Les arbres ont une mémoire
Une des méthodes utilisées par les scientifiques pour dater des événements anciens est la dendrochronologie.
Le principe est connu : de nombreuses espèces d’arbres forment des cernes de croissance annuels. L’épaisseur de ces cernes dépend des conditions environnementales de chaque année. En comparant les motifs entre des arbres vivants et du bois ancien, les chercheurs peuvent construire des séquences chronologiques très longues.
Ces séquences couvrent précisément les siècles qu’Illig considère comme fictifs.
Pour que l’hypothèse fonctionne, il faudrait expliquer pourquoi l’on trouve 297 cycles annuels supplémentaires dans les archives naturelles, indépendamment des documents écrits par les humains.
La dendrochronologie et d’autres méthodes scientifiques de datation représentent donc des obstacles majeurs pour cette théorie.
Et puis il y a les éclipses
Il existe aussi une sorte d’horloge historique qu’il serait extrêmement difficile de falsifier : le ciel. Les civilisations anciennes ont enregistré des éclipses, des mouvements planétaires, des passages de comètes et d’autres phénomènes astronomiques.
Aujourd’hui, nous pouvons calculer mathématiquement la date de nombreux de ces événements. La comparaison des récits historiques avec les calculs astronomiques modernes montre une correspondance avec la chronologie conventionnelle.
Supprimer près de 300 ans ferait que plusieurs de ces événements ne coïncideraient plus avec les dates rapportées. Un autre problème de taille se pose.

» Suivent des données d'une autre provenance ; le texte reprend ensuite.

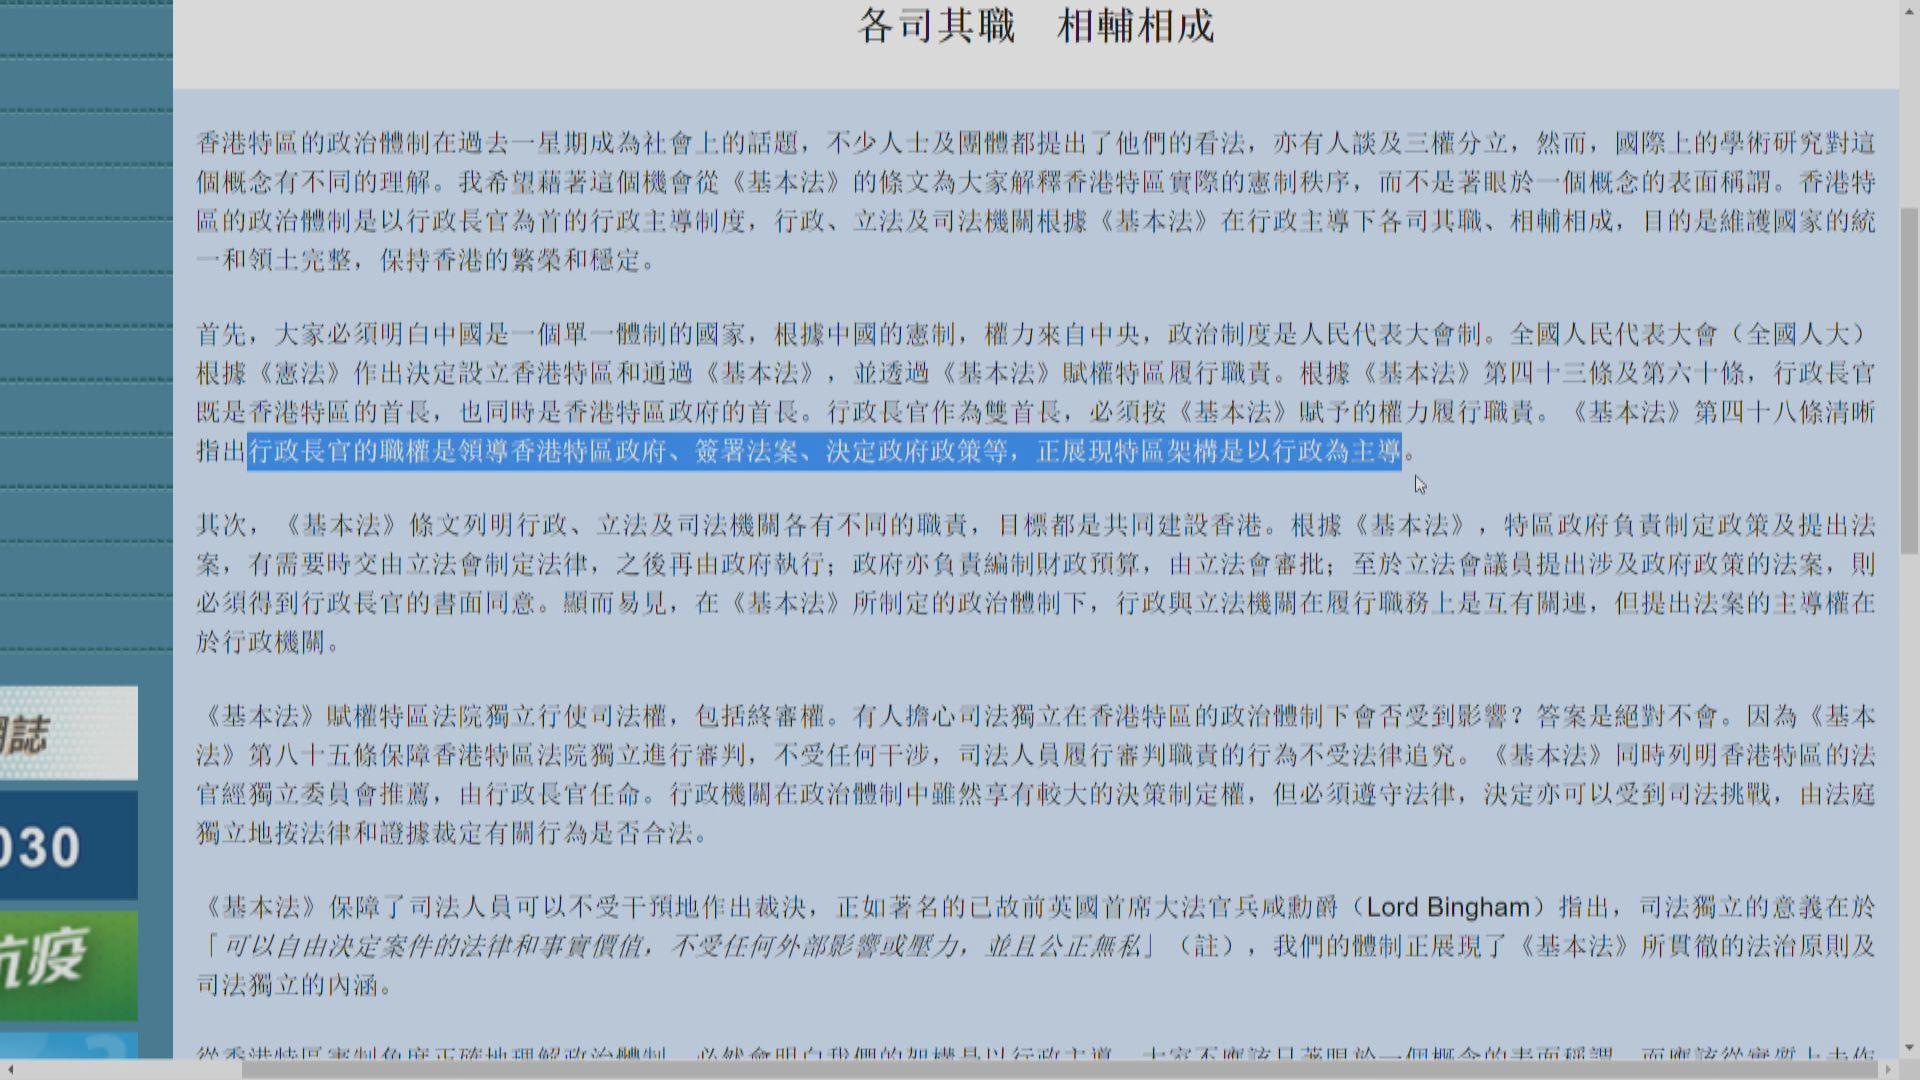 鄭若驊:本港政治體制屬行政主導 社會不應只着眼三權分立表面稱謂

Il aurait fallu convaincre pratiquement le monde entier
La théorie se concentre sur l’Europe médiévale, mais durant ces 297 ans, des chronologies indépendantes existaient en Chine, en Inde et dans le monde islamique, certaines documentant des contacts avec l’Europe elle-même.
Éliminer trois siècles exigerait d’expliquer comment les documents, les traces archéologiques et les événements astronomiques de civilisations indépendantes continuent de correspondre à la chronologie établie.
Sommes-nous donc vraiment en 2026 ?
Toutes les indications suggèrent que oui. L’Hypothèse du Temps Fantôme n’est pas acceptée par les historiens, car trop de sources indépendantes et de preuves matérielles confirment la chronologie reconnue.
Cette théorie conserve malgré tout un intérêt : elle révèle comment nous reconstruisons le passé. Aujourd’hui, l’Histoire croise les documents avec l’archéologie, l’astronomie, la chimie, la physique et même les cernes des arbres. Notre calendrier ne repose donc pas uniquement sur des écrits vieux de plusieurs siècles.